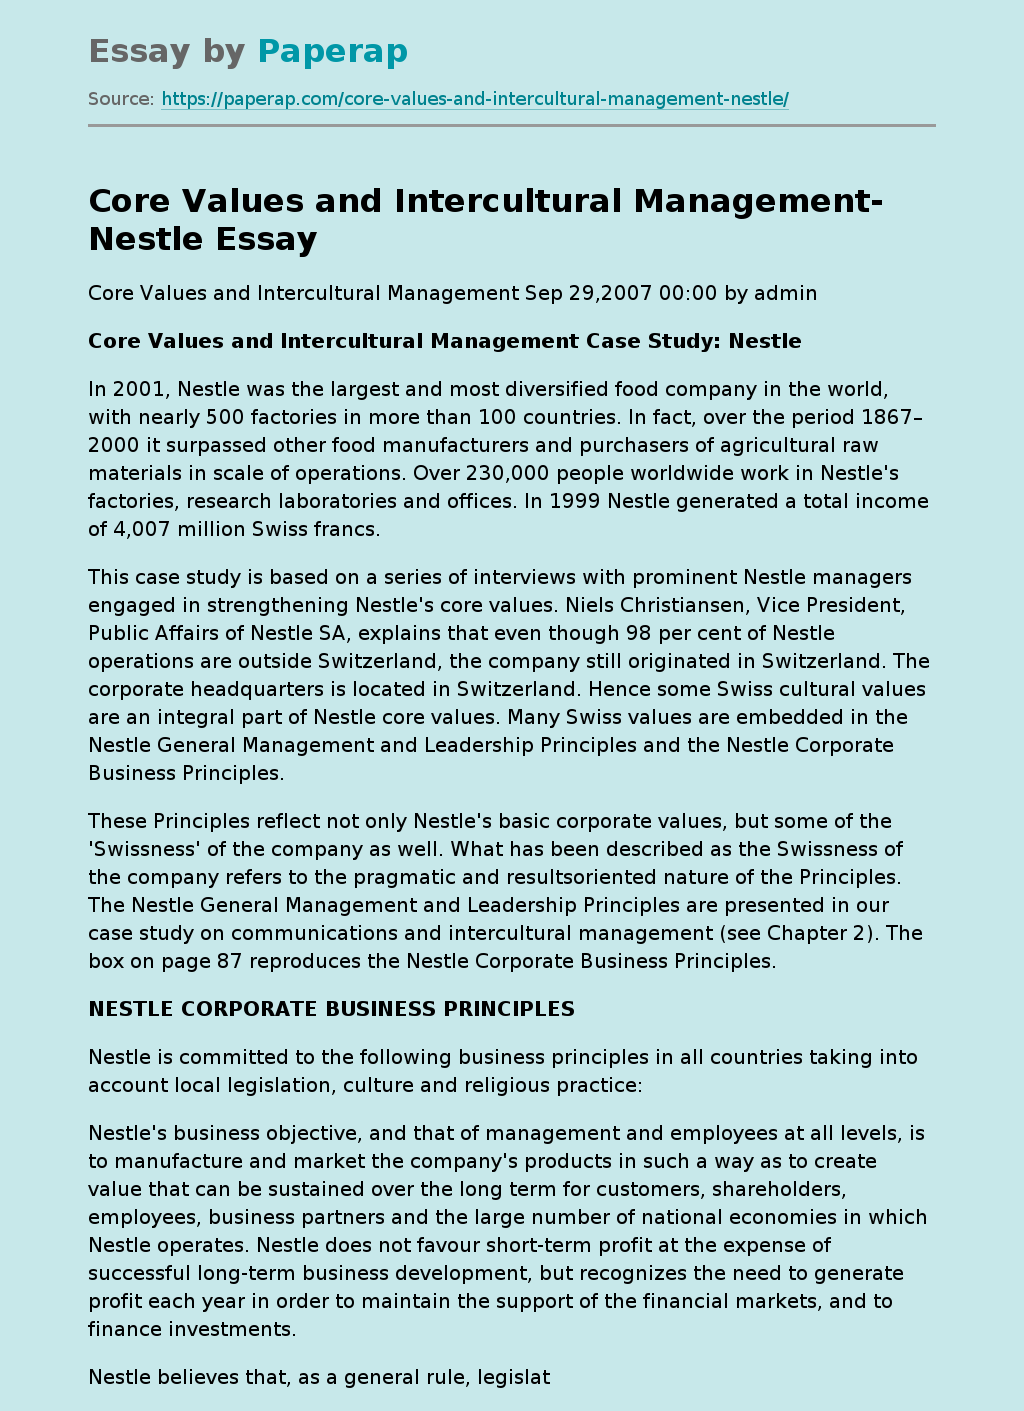 Core Values and Intercultural Management-Nestle
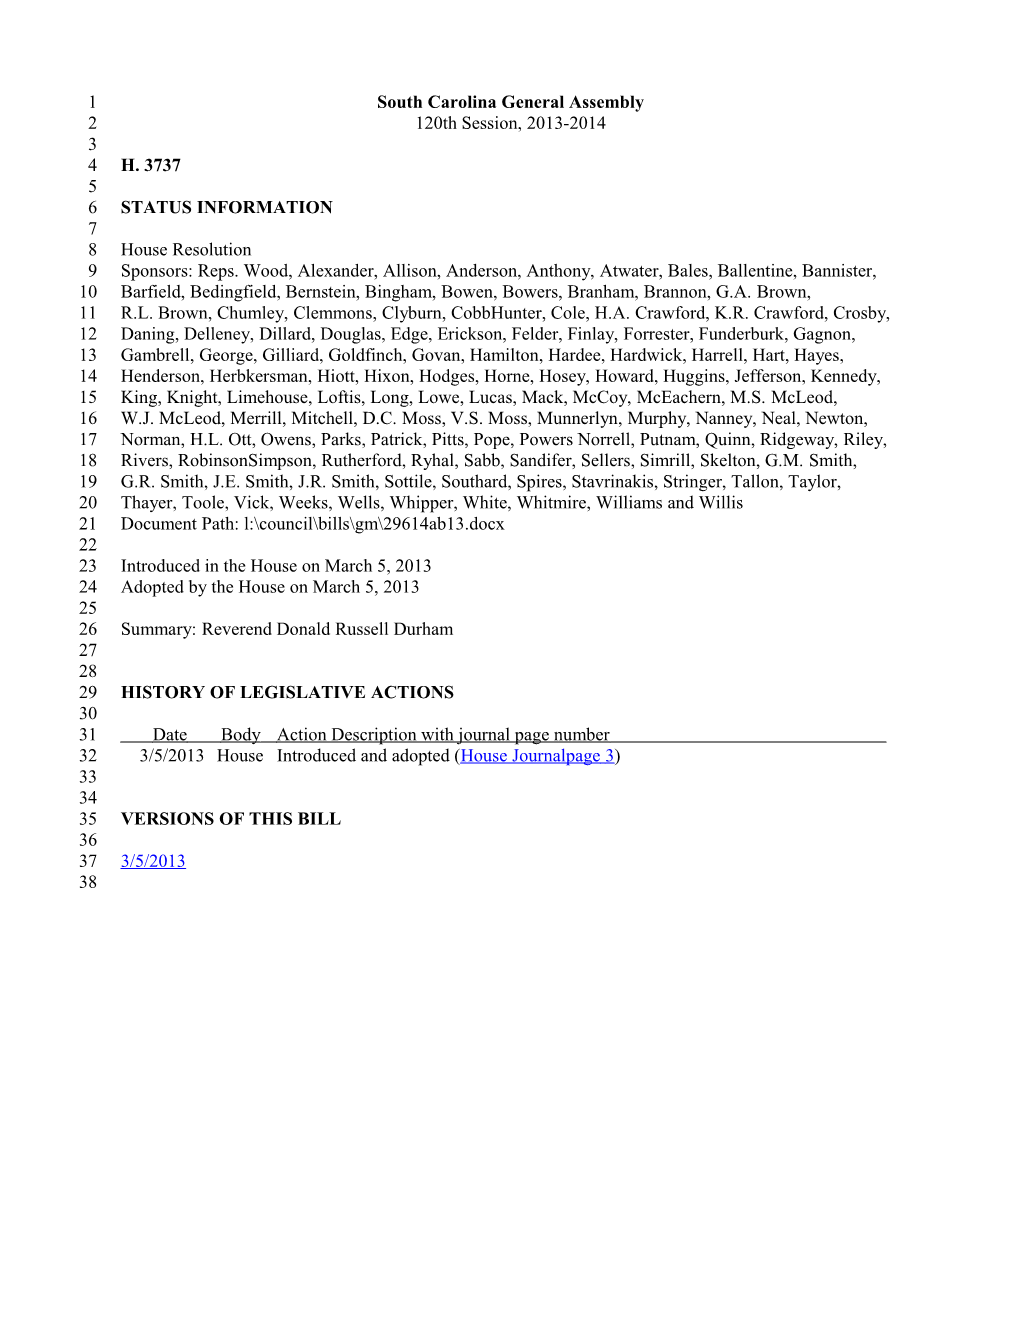 2013-2014 Bill 3737: Reverend Donald Russell Durham - South Carolina Legislature Online
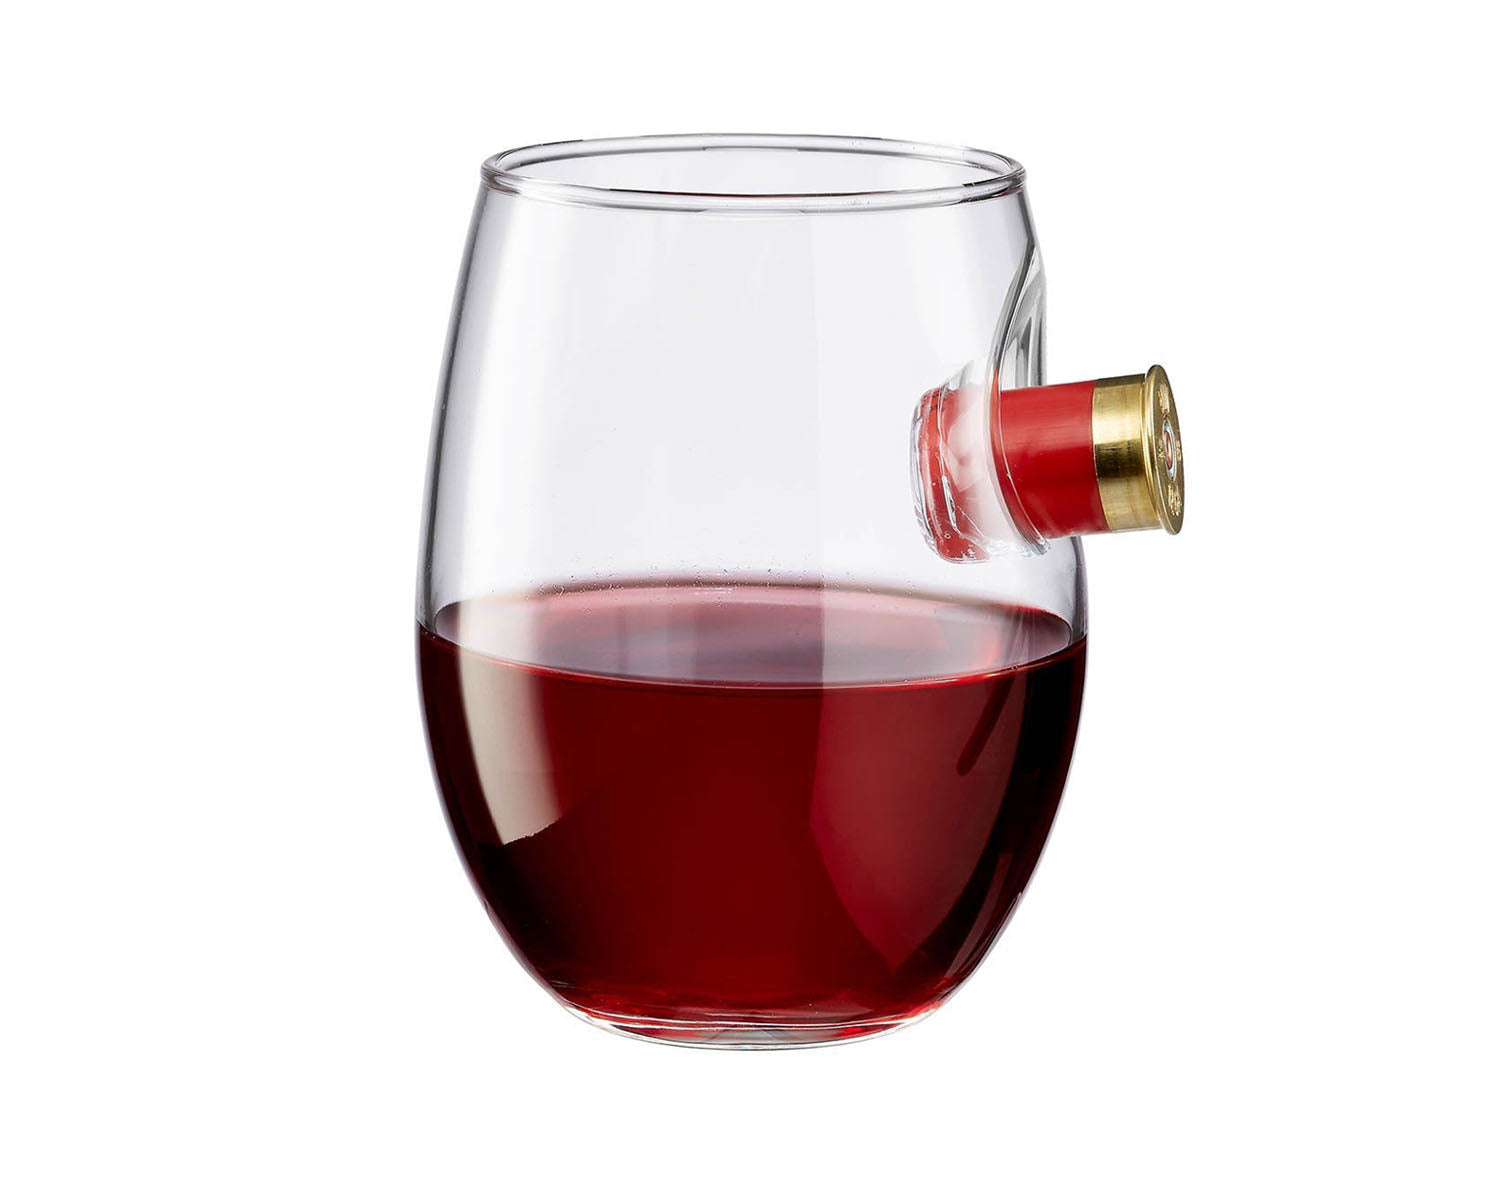 BenShot 15oz Wine Glass

# # # # # # #

Please return the lines above exactly, with the pictures omitted.

 Core Values and Intercultural Management-Nestle
 2013-2014 Bill 3737: Reverend Donald Russell Durham - South Carolina Legislature Online
 BenShot 15oz Wine Glass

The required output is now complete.